Optical Density (OD) Readings

Overview

Optical density (OD) is one of the most integral parts of continuous culture. While chemostats do not innately rely on OD, it is still a useful metric for your evolution. Meanwhile, turbidostats and growth curves heavily rely on OD to function.

However, OD is the most easily disrupted parts of eVOLVER hardware. This guide serves as an initial list of things to check when troubleshooting OD.

Disclaimer: You may find that you are still not getting "good" OD readings after trying solutions in this guide. We hope that you will search the forum because others may have had your same issue.

After trying a fix, before attempting a whole new calibration, prepare a couple of standards in the OD range that you care about and check if you see a difference between them in the raw OD values (in the GUI Setup page or by starting an experiment and going to the data folder).

For more in-depth information about the OD hardware see here.

Most Common Problems

Variability in OD Sensing Range Between Vials

Vial 1 (left) shows a smaller range than vial 2 (right). However, vial 2 is still unable to accurately differentiate values under OD 0.5.

1. Standardize LED/Photodiode distance

2. If you already have a version of the 3D printed tube holder with defined OD LED and photodiode distances:

   1. Use the upgrade guide to double check your photodiodes and LEDs are correctly placed!

3. Sometimes a given OD photodiode or LED can be variable as they are cheap parts. Swap both out for new ones. Part numbers here.

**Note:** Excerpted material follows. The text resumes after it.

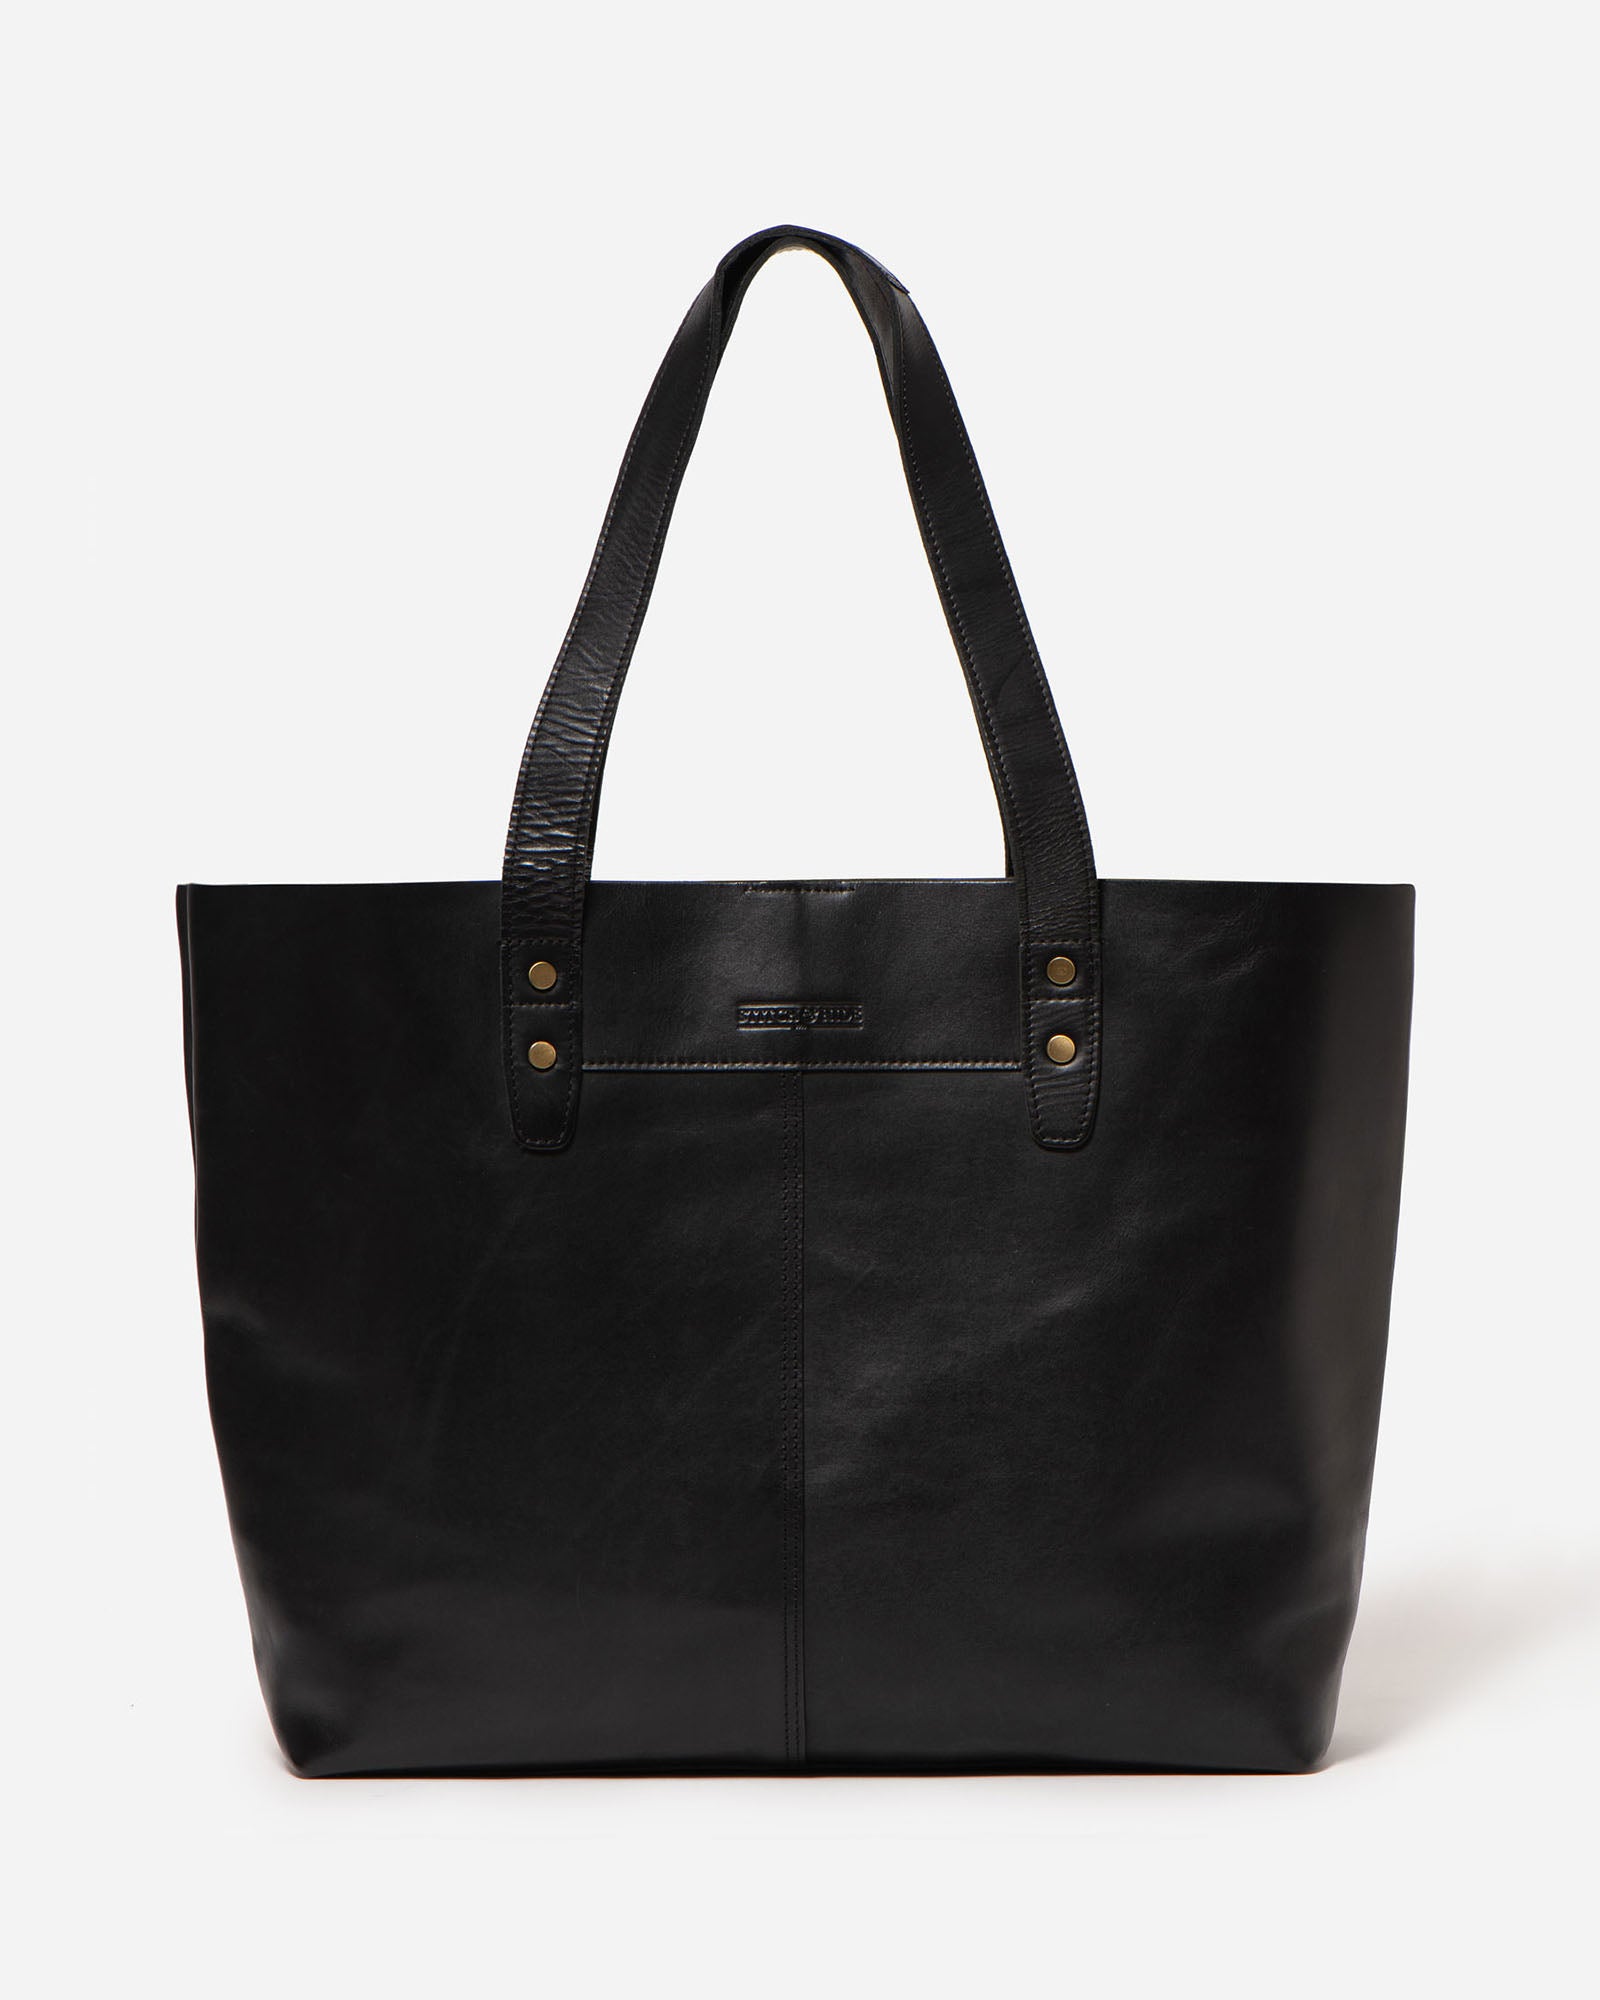 Emma Tote Bag - Premium Leather Tote Bag by Stitch & Hide

4. Try OD90 for OD600 0.5-4.5 or OD135 for OD600 0.0-0.5

5. Try different ADC resistor packs

   1. eVOLVERs come with a variety of these

   2. Ask on the forum for help

6. Check that your vial construction is not variable

Noisy OD Data

1. Stir bars jumping around during OD readings

   1. Decrease stir speed

   2. Stop stirring during OD readings

2. You are near the edge of your calibrated OD range

3. OD blank is off enough to make your calibration fail

Incorrect OD

ie eVOLVER OD is offset from the cuvette or plate reader measured value.

1. Bad OD blank

   1. Especially because you did not wait for temperatures of the vials to equilibriate

2. Poor quality OD calibration

   1. You can check your OD calibration using the manual calibration script

   2. Different temperatures require different OD calibrations

No Change in OD

1. Photodiode or IR LED not working

   1. Replacement guide

   2. A failed photodiode will show a raw OD value close to 64,000

   3. A failed IR LED will most likely show a raw OD value much closer to your other vials

   4. Check that they have the long (positive) lead in the correct positive terminal

2. ADC board or motherboard broken

   1. Can happen after vial overflow

   2. See motherboard hardware and troubleshooting

Other Considerations

Pre-Calibration Considerations

• LED to photodiode angle

• od_led value in conf.yml file (PWM value)

• Resistor pack value

• Ambient light

  • Use the splash guard that comes with your eVOLVER

  • Or make one using black acrylic

  • You may need to recalibrate if you calibrated with ambient light

Experiment Considerations

• Photodiode Temperature - make sure temperature is equilibrated before calibration and before start of experiment

• eVOLVER recently turned on - causes rapid change in values

• Vial to Vial Sleeve Distance - Second Forum Post

• Needles or other structures coming below 10mL line (close to OD PD etc)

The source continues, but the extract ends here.